One of Sallinger’s last big victories came Oct. 15, when the Oregon State Land Board approved a management plan for the Elliott State Research Forest, bringing to close a major chapter in a contentious and complex seven-year process. Vicki Walker, director of the Department of State Lands, worked closely with Sallinger throughout that process, as well as on an unrelated effort to compel Ross Island Sand & Gravel to reclaim the damage done to Ross Island by more than 75 years of mining and processing rock.
“Bob Sallinger was an Oregon wonder, a human as special as the places and creatures he loved and protected,” Walker says. “Bob’s legacy is all around us.
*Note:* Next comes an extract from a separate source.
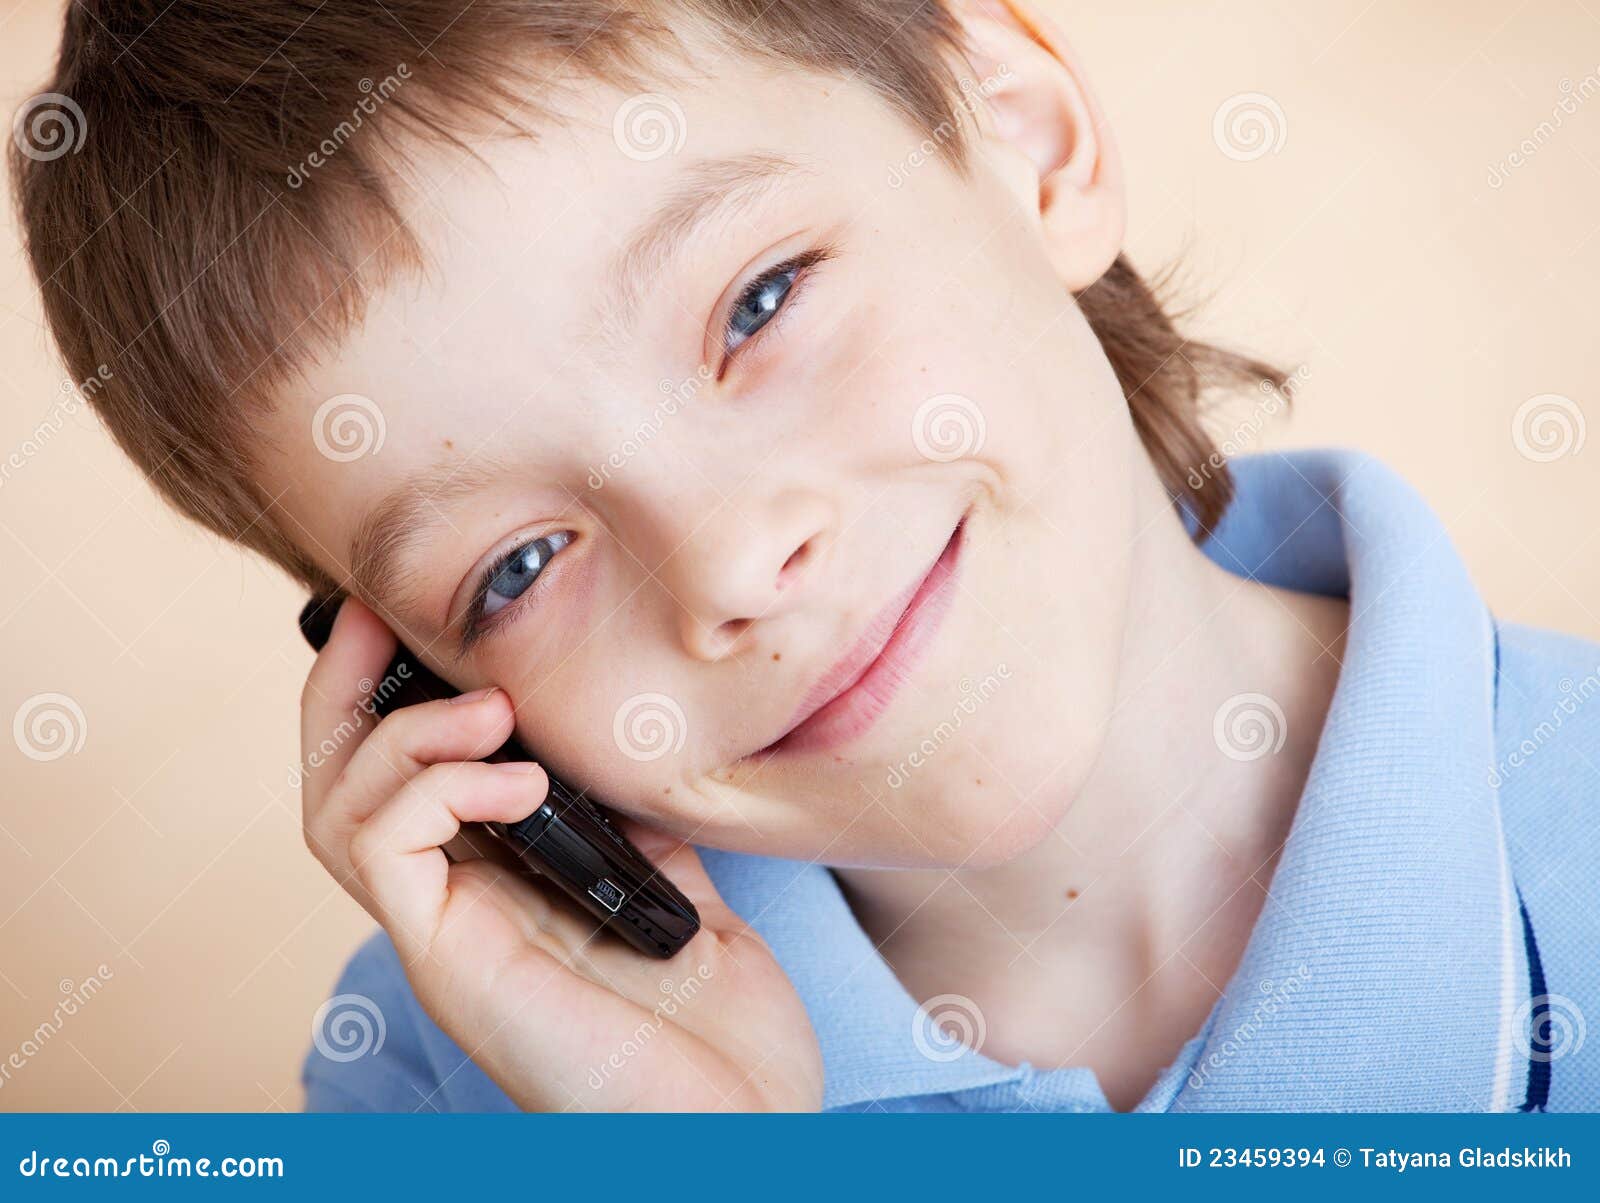 Включи телефон мальчик. Мальчик с телефоном. Подросток по телефону. Мальчик говорит по телефону. Пятилетний мальчик разговаривает по телефону.
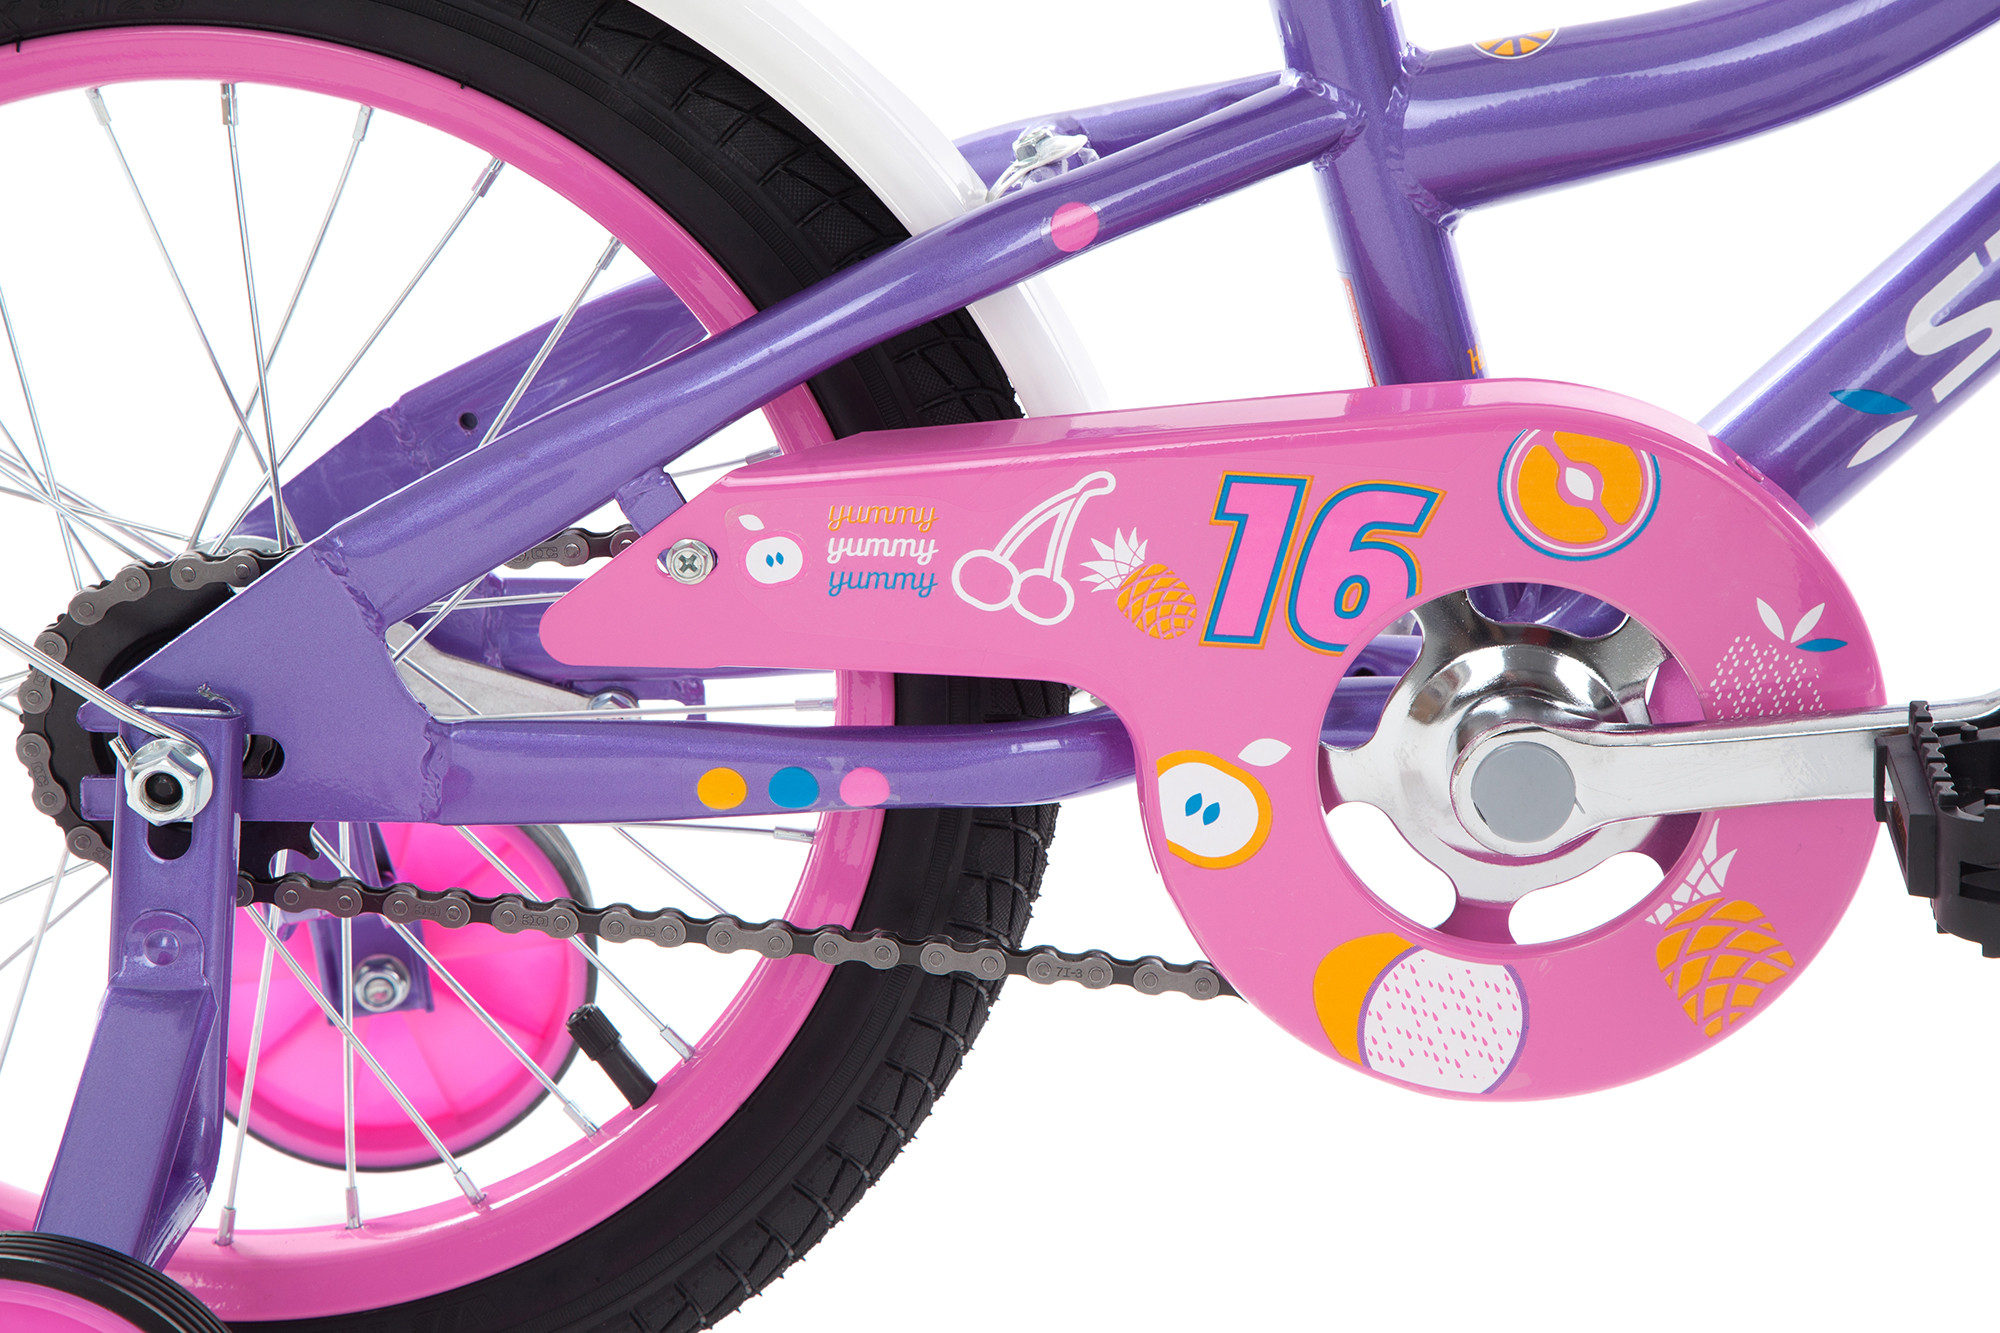 "Велосипед для дівчаток Stern Fantasy 16 16"""

It’s the hoot of the owls in the Elliott State Research Forest, a cannonball into the Willamette River, peregrines dancing across the sky.”
Sallinger leaves a giant pair of hiking boots to fill.
“Bird Conservation Oregon is saddened and devastated by the unexpected passing of Bob Sallinger,” said Kaitlin Lovell, a member of the organization’s board. “No one, living or past, has done more for environmental conservation in the Portland region or across the state than Bob Sallinger.”
Sallinger is survived by his wife, Elisabeth, three children, and their assortment of dogs, cats, goats and chickens.